You can optionally specify a recoveryTarget to perform a point in time recovery. If left unspecified, the recovery will continue up to the latest available WAL on the default target timeline (current for PostgreSQL up to 11, latest for version 12 and above).

Retention policies

Cloud Native PostgreSQL can manage the automated deletion of backup files from the backup object store, using retention policies based on recovery window.

Internally, the retention policy feature uses barman-cloud-backup-delete with --retention-policy “RECOVERY WINDOW OF {{ retention policy value }} {{ retention policy unit }}”.

For example, you can define your backups with a retention policy of 30 days as follows:

apiVersion: postgresql.k8s.enterprisedb.io/v1
kind: Cluster
[...]
spec:
  backup:
    barmanObjectStore:
      destinationPath: "<destination path here>"
      s3Credentials:
        accessKeyId:
          name: aws-creds
          key: ACCESS_KEY_ID
        secretAccessKey:
          name: aws-creds
          key: ACCESS_SECRET_KEY
    retentionPolicy: "30d"

There's more ...

The recovery window retention policy is focused on the concept of Point of Recoverability (PoR), a moving point in time determined by current time - recovery window.
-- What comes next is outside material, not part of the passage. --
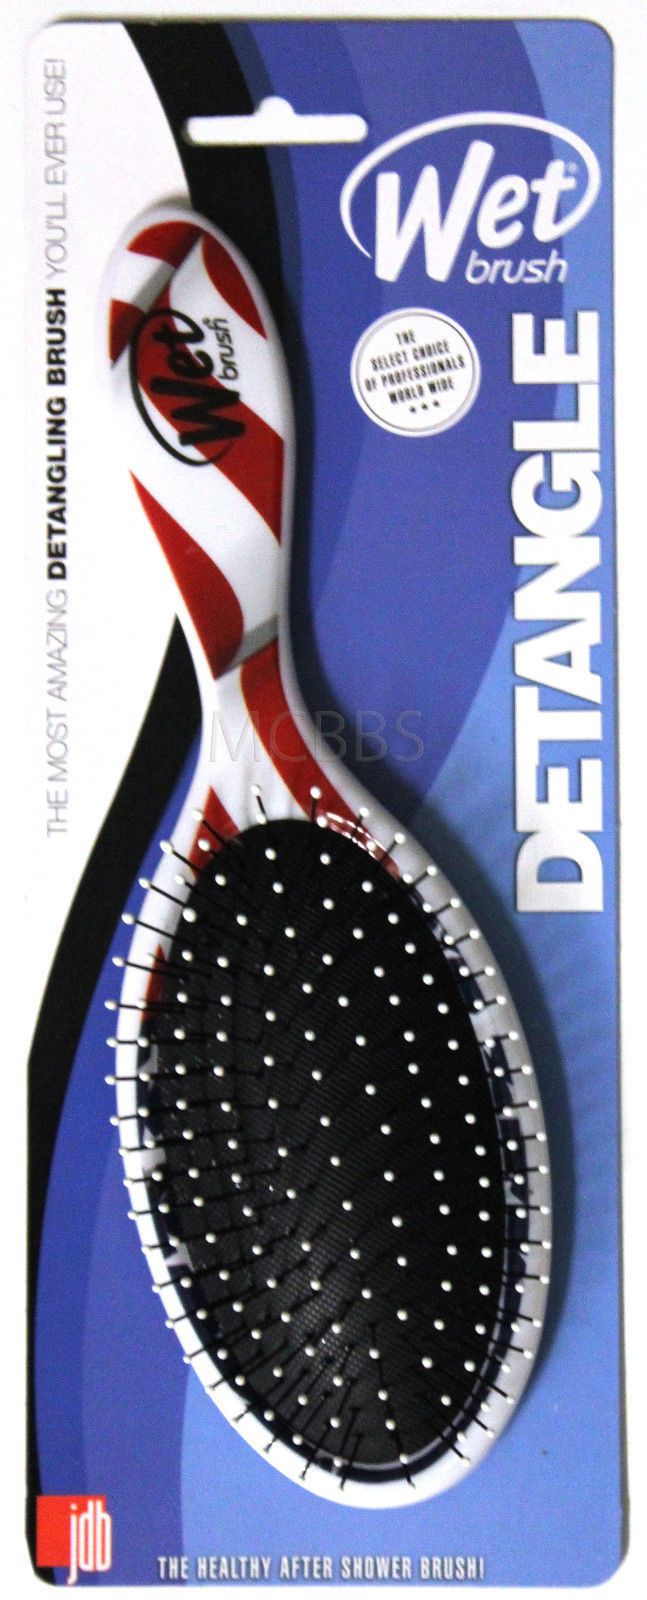 Jdb Wet Brush Usa American Flag Patriot Edition Best Detangling Brush America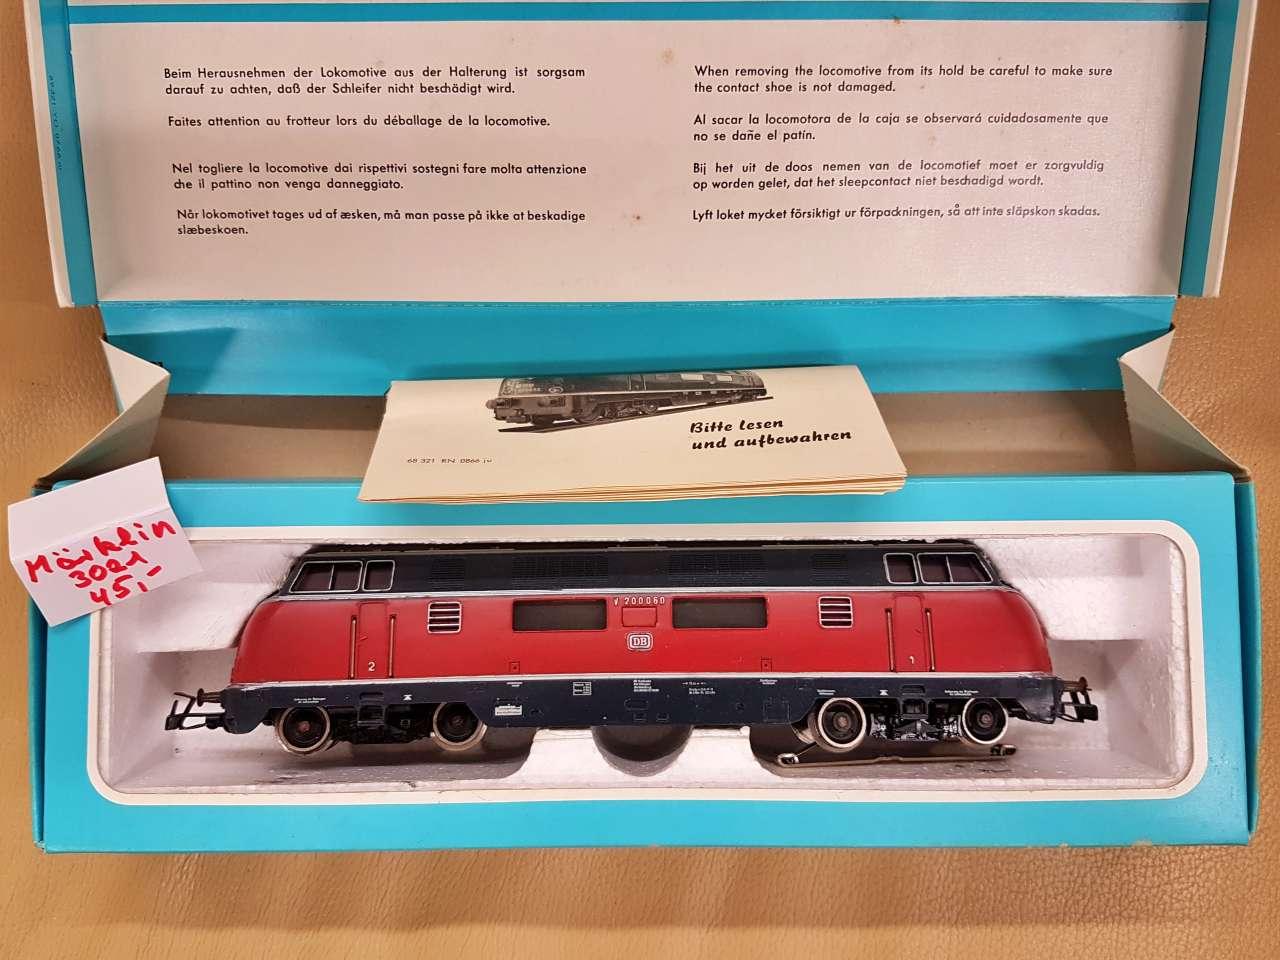 Märklin Modelleisenbahn Sammlerstücke neuwertig Lok 3021

The first valid backup is the first available backup before PoR (in reverse chronological order). Cloud Native PostgreSQL must ensure that we can recover the cluster at any point in time between PoR and the latest successfully archived WAL file, starting from the first valid backup. Base backups that are older than the first valid backup will be marked as obsolete and permanently removed after the next backup is completed.